短い話 | ナノ
「…おい苗字、誰かに用か?」

恐る恐ると訪れた立海男子テニス部。最初に気付いた真田君に声を掛けられたけど、目線を彷徨わせるとムッとした彼は「見学なら向こうでしろ」と言ってきた。
誰が見学なんかするもんか、なんて言えなくてボソボソと「幸村君に用があって…」と零したら彼は持前の大きな声で幸村君を呼んだ。そのせいで一気に皆から注目を浴びてしまって、私はやっぱりこのテニス部苦手だなぁなんてぼんやりと考えてしまって…。

「苗字さん、どうしたの?」

にっこりと女の子たちが素敵と言っていた笑顔を張り付けた幸村君に先生に頼まれたプリントを渡せば、彼はなおも笑って「ありがとう」と受け取ってくれた。よし、頼まれたことは終わった。もう帰ろう。
スクールバッグを肩に掛け直してテニス部を去ろうとすると、幸村君に手を掴まれ「どうせなら見学でもしていきなよ」なんて。いくら断っても引こうとしない幸村君にいい加減呆れていた。そんなところに同じクラスの柳君まで来て誘ってくるものだから、クラスメートとして断れなくなってしまった。

通常の見学する席とは異なる場所に座らされて、外で見学をしている女子たちには睨まれるし、テニス部員にはジロジロと見られるしで、目立つことが嫌いな私にとっては地獄のような時間だ。

「苗字さんはテニス見たことある?」
「いや、ない…です、」
「そっか。…そんな敬語とか使わないでよ。同い年なんだし」

眉尻を下げて笑った幸村君に「いや、でも…」と否定の言葉を入れたけど、人差し指をそっと唇に添えられて「だめ」と言うものだから口を噤んだ。周りの女の子たちは悲鳴を上げる始末だ。
テニスボールを打つ音が響く中で、依然として隣に座ったままの幸村君は「この間の返事なんだけど…」と切り出して来て心臓が止まりそうになった。

「今、聞いてもいいかな?」

数週間前、幸村君に告白をされた。けど、その時は断った。だって、全国的に有名な立海テニス部の部長を務める幸村君と付き合うことなんて考えられなかったし、第一何度も言うけれど目立つことが嫌いな私だ。だからお断りをさせてもらったのだけど、彼は「しばらく考えてみて」と私の返事に被せてきたのだ。

「いや、やっぱり…」
「俺、苗字さんのそう言うところが好きなんだ」

彼はまたこうして言葉を重ねてきた。そんなの、断られるつもりないんじゃん…。ぎゅっと膝の上で手を握りしめたら手を重ねられた。幸村君の大きい手。華奢な体をしていると思っていた幸村君の手はとても大きくて、私の手を簡単に包み込んだ。

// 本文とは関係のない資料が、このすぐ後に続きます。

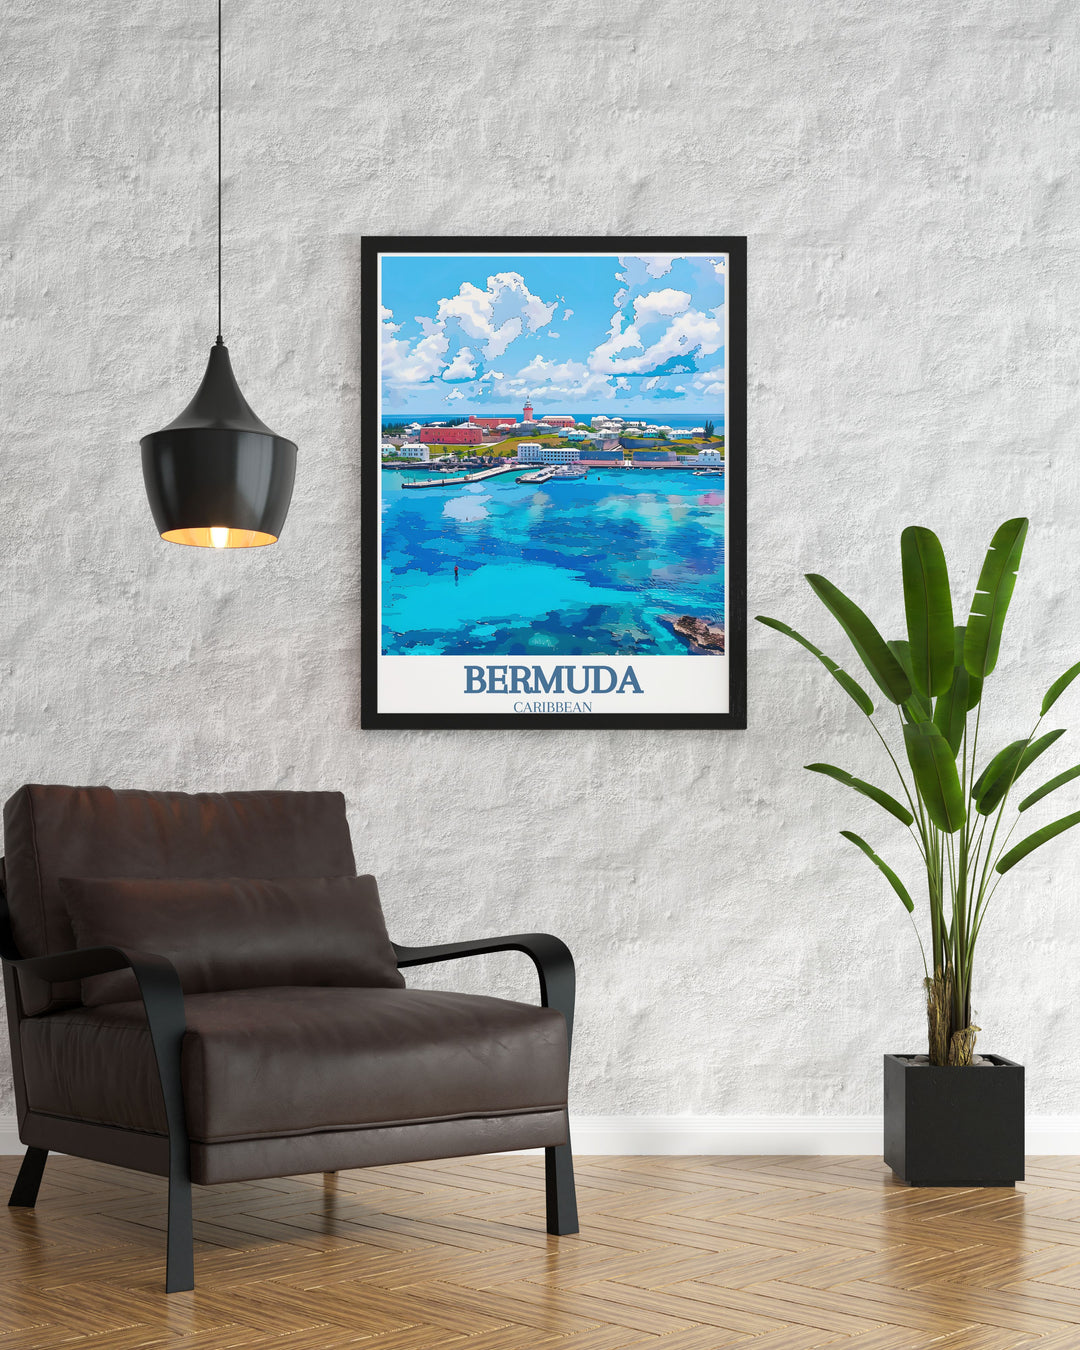 Elegant Bermuda wall art depicting St. Georges Town and St. Peters Church, showcasing the islands historical and architectural beauty. Perfect for adding sophistication and a touch of history to any room.

「みんなが忘れている花壇、いつも俺が一人で世話をしていたんだ」
「……」
「けどね、俺が遅れてしまった時、苗字さん…君がいたんだよ」

じっと幸村君の綺麗な目に見られると吸い込まれそうになって息をそっと呑み込んだ。

「不思議だと思ったんだ。俺が草抜きをしていなくても花壇はいつも綺麗だった。その理由が、苗字さんだったんだよね。俺はね、そんな風に誰も見ていない所で頑張る苗字さんが好きなんだ。…もっと早く気がついていれば、苗字さんと仲良くなれていたのかな」

すぐ傍で打ち合いをしているはずなのに、遠い場所で打ち合うように遠くでテニスボールの音が響く。幸村君から目が離せなくなって、まるで二人だけの世界になって、彼に握られている手からじわじわと熱くなっていく。

「もう一度言うね。…俺、苗字さんが好きなんだ。傍にいてほしい」

だんだんと早くなっていく心音。幸村君に聞こえるんじゃないかって言うほど大きくて、握られているこの手を振りほどきたいのに、今振り解いてしまえば彼が悲しんでしまう…何よりも、私が後悔する。そんなことを考えて、そっと呟いた返事に、幸村君は嬉しそうに笑った。